Samsung Joins the Trillion Dollar Club
International Economy

Samsung Joins the Trillion Dollar Club

SadaNews - Samsung Electronics has reached a market value of one trillion dollars, following strong demand for chips used in artificial intelligence, which led the world's largest memory manufacturer’s stock to rise more than fourfold over the past year.

This milestone came with the company's stock soaring by 11% in early trading on Wednesday, making it the second Asian company after Taiwan Semiconductor Manufacturing Company (TSMC) to reach this level.

Asia at the Heart of the Global AI Ecosystem

Samsung, alongside its memory competitor SK Hynix and TSMC, stands at the center of a transformation that has made Asia a cornerstone in the global AI ecosystem, by combining chip manufacturing dominance with the expansion of data infrastructure.

This transformation has fueled a strong rally in regional tech stocks, with shares of both SK Hynix and TSMC also reaching record levels this month, as investors bet on continued demand for advanced chips and computing capabilities.

Dave Mazza, CEO of Round Hill Investments in New York, stated that "the trillion-dollar milestone carries a tangible weight that surpasses its symbolism. More broadly, it reflects the market’s judgment that the role of memory in the infrastructure of artificial intelligence is structural rather than cyclical."

Record Profits and Growth Expectations

Just days ago, Samsung's semiconductor division reported historic profits during the quarter ending in March, exceeding expectations with a jump of 48 times, driven by demands from AI data centers that delivered high profit margins.

Analysts expect the sector to continue building on this record performance in the upcoming quarters, as there is a sharp rise in contract prices amidst limited supplies.

Meanwhile, Apple has initiated preliminary discussions about using Samsung to produce the main processors for its devices within the United States, in a move that may provide a secondary option alongside its traditional partner TSMC.
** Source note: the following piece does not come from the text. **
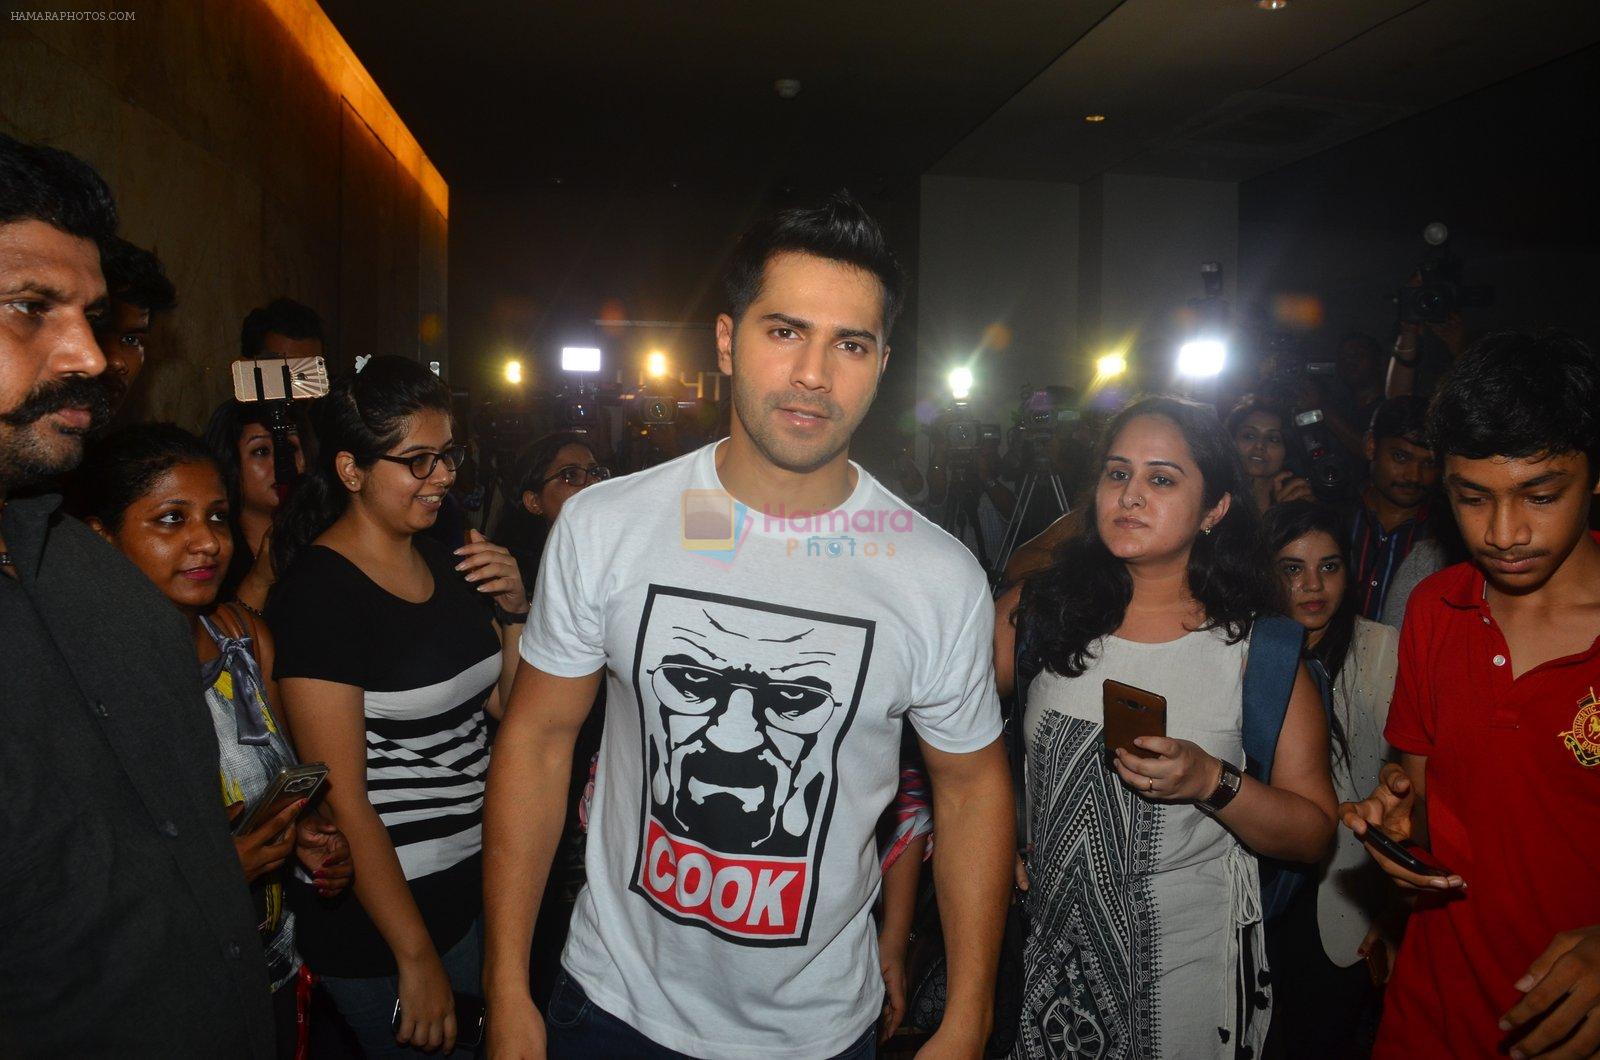 Varun Dhawan at song launch from movie Dishoom in Mumbai on 16th June 2016

Sam Conrad, an investment manager at Jupiter Asset Management, remarked that "if investors conduct some analysis on Samsung Electronics, we believe they will conclude that the investment opportunity is attractive even if they missed its performance so far."

He added, "The memory market is currently experiencing a supply shortage, and Samsung has stated that 2027 will see a much tighter balance between supply and demand compared to 2026, so it is likely that NAND and DRAM chip prices will continue to rise."

Internal Challenges Despite the Surge

However, Samsung also faces some challenges. The growth in chip sector profits contrasts with a decline in mobile phone and display businesses, which are facing rising prices for materials and components.

Moreover, profits resulting from the AI boom are prompting company employees to demand a larger share, where workers have threatened to carry out a general strike for 18 days later this month.

Despite these challenges, stock is expected to rise by about 30% over the next twelve months, according to sell-side analysts estimates compiled by Bloomberg. The stock is currently trading at a price-to-earnings ratio of 5.3 times the expected earnings for one year, down from 14.4 times in October.

Momentum Drives Korean and Asian Markets

Strong gains in the shares of Samsung and SK Hynix, which together make up over 43% of the market cap of the KOSPI benchmark index, have made Korea one of the most active markets in the world.

These gains have also played a role in pushing the Asian equity index to record levels amid companies benefiting from a boom in AI spending, as investors see the memory market entering a super cycle of demand that breaks the traditional decades-long pattern of boom and bust.

Mark Davids, head of the emerging markets and Asia-Pacific equity team at J.P. Morgan Asset Management said, "Corporate earnings overall are becoming stronger, coming mainly from one sector, which is technology." He added: "Samsung’s earnings reflect an unusual period in which these companies can generate extraordinarily huge profits."